The Dawning of the Dried Flower Era
It was in college when I first used dried flowers to make a hand-tied bouquet. We actually went on a college trip to a wholesaler to source some dried or artificial flowers to use in class that afternoon. Me and two of my newly-made flower friends on my course chose a few wraps of dried flowers to split between us. We also had great hot chocolates from the farm shop cafe onsite at the wholesaler. All good omens.
That afternoon back in the classroom at college, making my dried hand-tie, I fell a bit in love. I was swept off my feet by the natural shabbiness and gorgeously muted colours of dried flowers. They have that disheveled-cool personality that some lucky people can pull off.
After that I got side-tracked into experimenting with what else I could use dried flowers for and techniques for drying my own flowers. I started seeking out second-hand books written by dried flower experts of the past, soaking in their ideas and expertise and thinking of ways I could bring them to life for myself.
Why Dried Flowers?
Since its inception, my crush has developed into the kind of long-term relationship in which trust and respect are heavy players. The more I learn, the more I find there is to love. Dried flowers have many virtues other than the aesthetic. Chief among them being their steadfast, long-lasting nature (a trait which also bestows upon them that trendiest of virtues – they are eco-friendly.)
Away from Mary Elizabeth Flowers I still work with fresh cut flowers and thoroughly enjoy their charms, but their biggest draw-back is their understandable refusal to stay beautiful for long and to demand fresh water and a cool environment for the whole of their short lives.

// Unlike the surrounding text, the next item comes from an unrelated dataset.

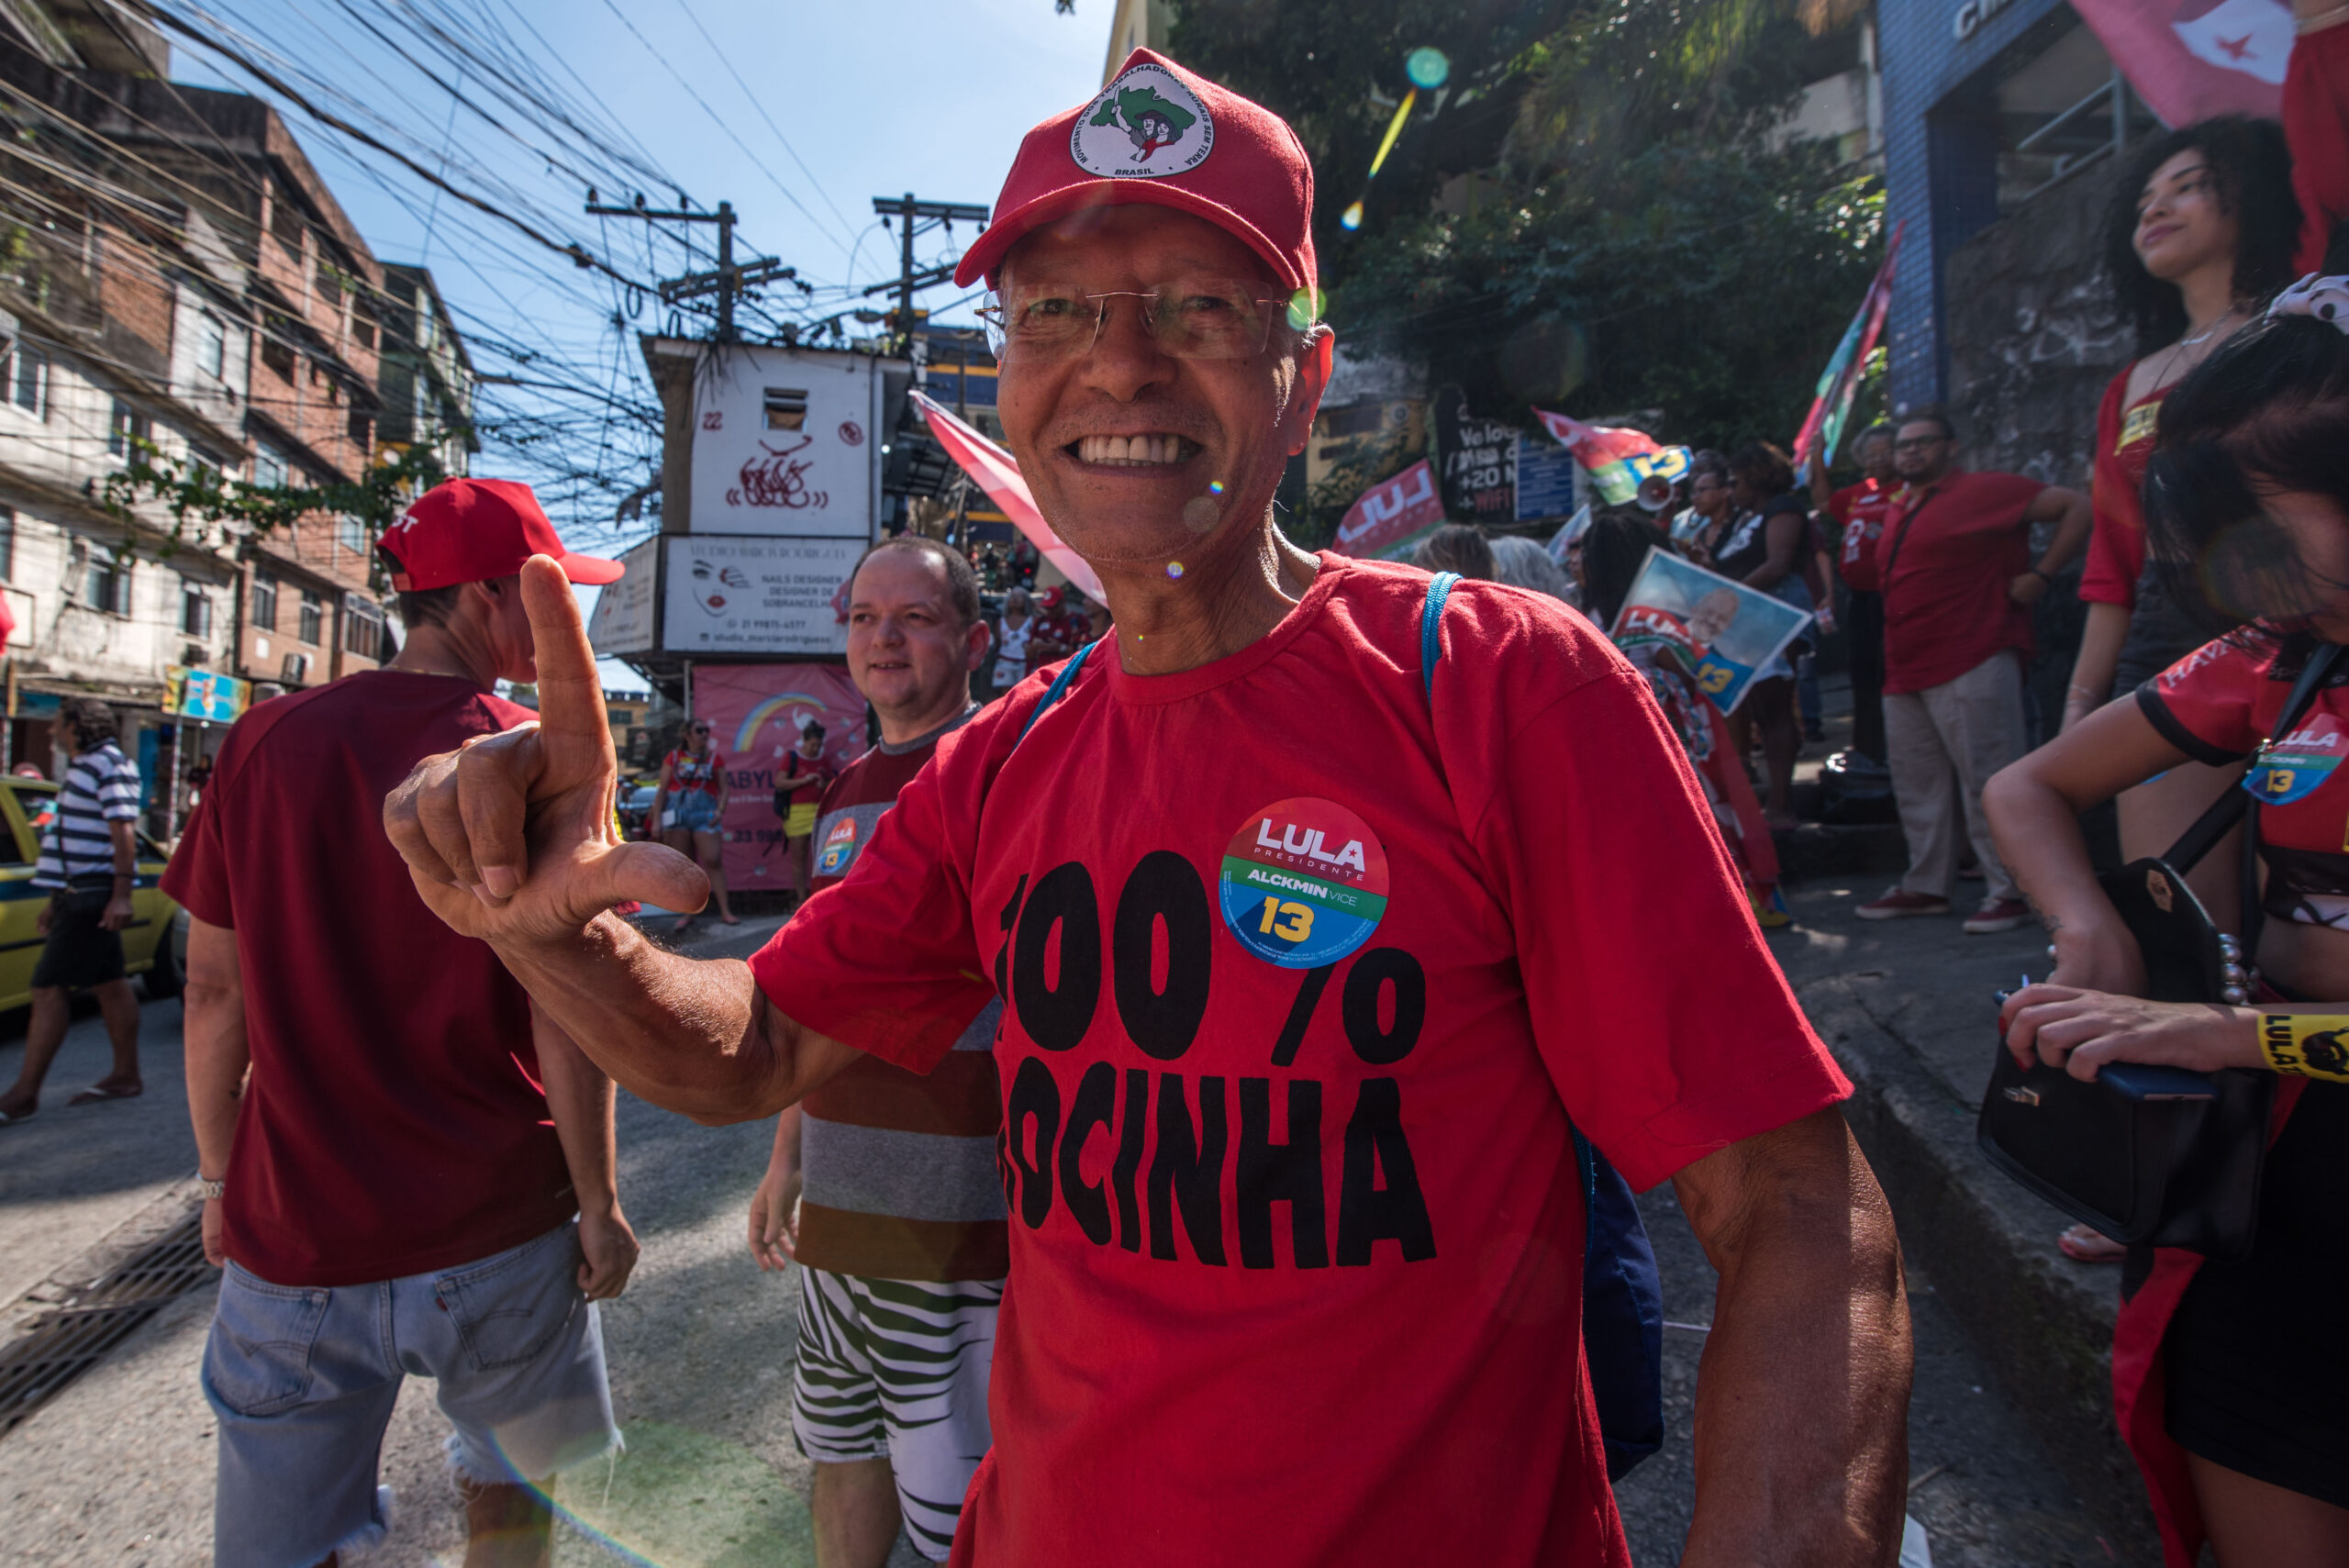 Xaolin da Rocinha, uma das lideranças comunitárias que organizou a caminhada em apoio a Lula, na Rocinha. Foto: Bárbara Dias/RioOnWatch
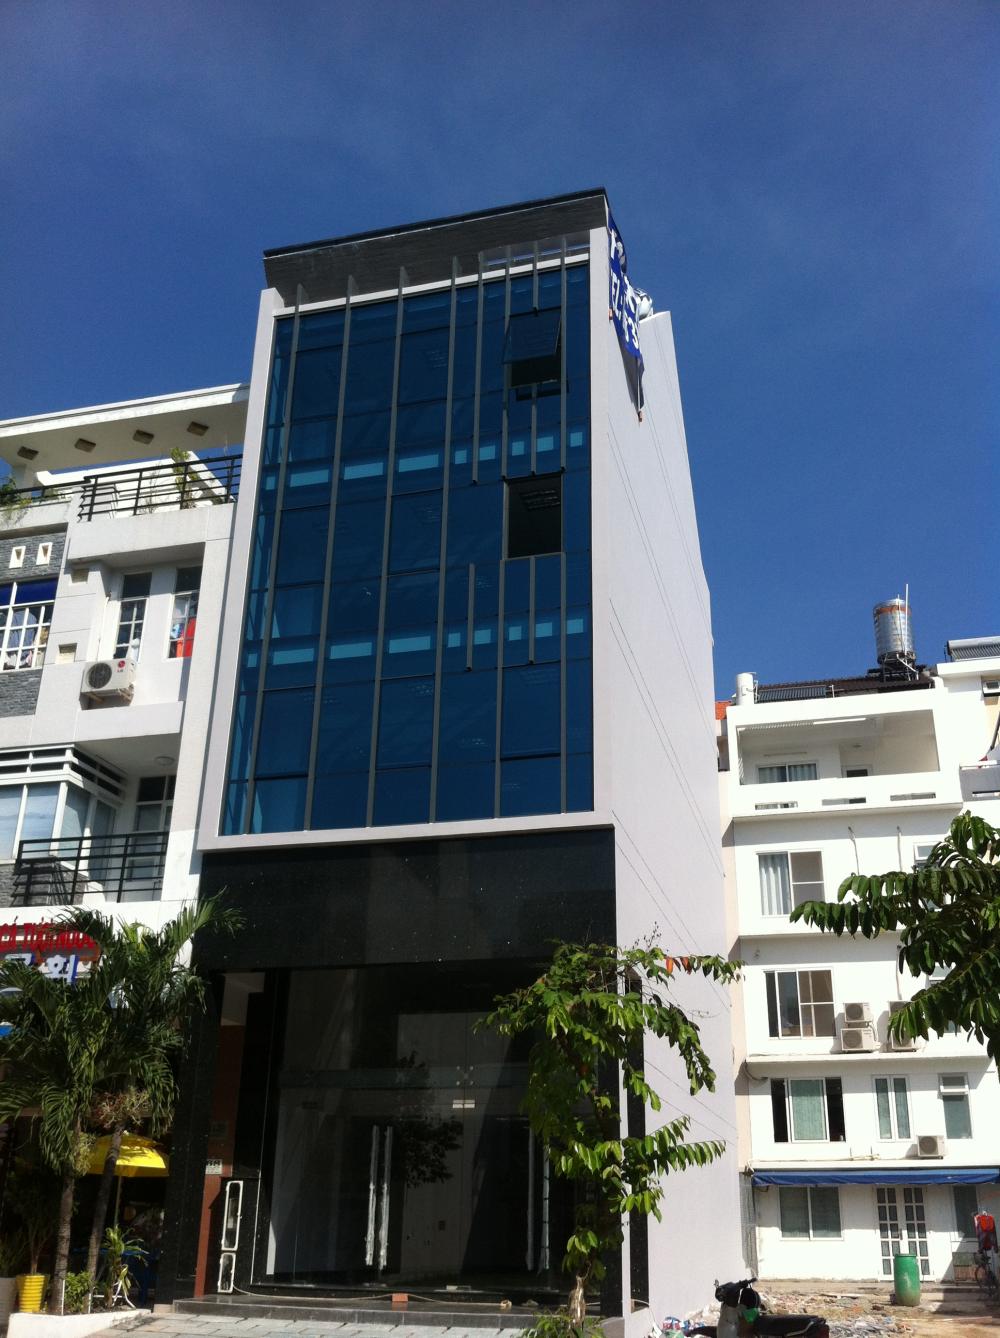 Cho thuê nhà phố kinh doanh, Phú Mỹ Hưng, giá 35 triệu/ tháng, DTSD: 500 m2

Next to a wood-burner in a cosy cottage, fresh flowers look good for the time it takes to get a quick photo of your insta home for the gram. Within hours it will be game-over. Dried flowers on the other hand will be quite cheerful about their prime position on the hearth.
Compared to fresh cut flowers, dried flowers have a laid-back, ‘low-maintenance’ personality. They are the Phoebe to fresh flowers’ Monica.
However, laid-back is one thing but no one likes a doormat. They do have certain standards and expectations.
All a dried-flower asks of you are three things – don’t let them get wet, don’t put them in direct sunlight (unless you don’t mind them losing their colour) and don’t be unduly rough with them (they’re laid-back but they’re not invincible) – and they will continue to serve you for years. Not outrageous demands I’d say.
I find so much pleasure in dried flowers and starting up Mary Elizabeth Flowers was a way to spread that joy and give myself a legitimate reason to keep playing away in my little workshop.
And since this blog post seems to have taken a far more gushing turn than I had intended, I should probably reign myself in now and just say, thanks. Thanks for reading, thanks for visiting the website and thanks if you’re one of the lovely people who has or will one day be a customer of Mary Elizabeth Flowers.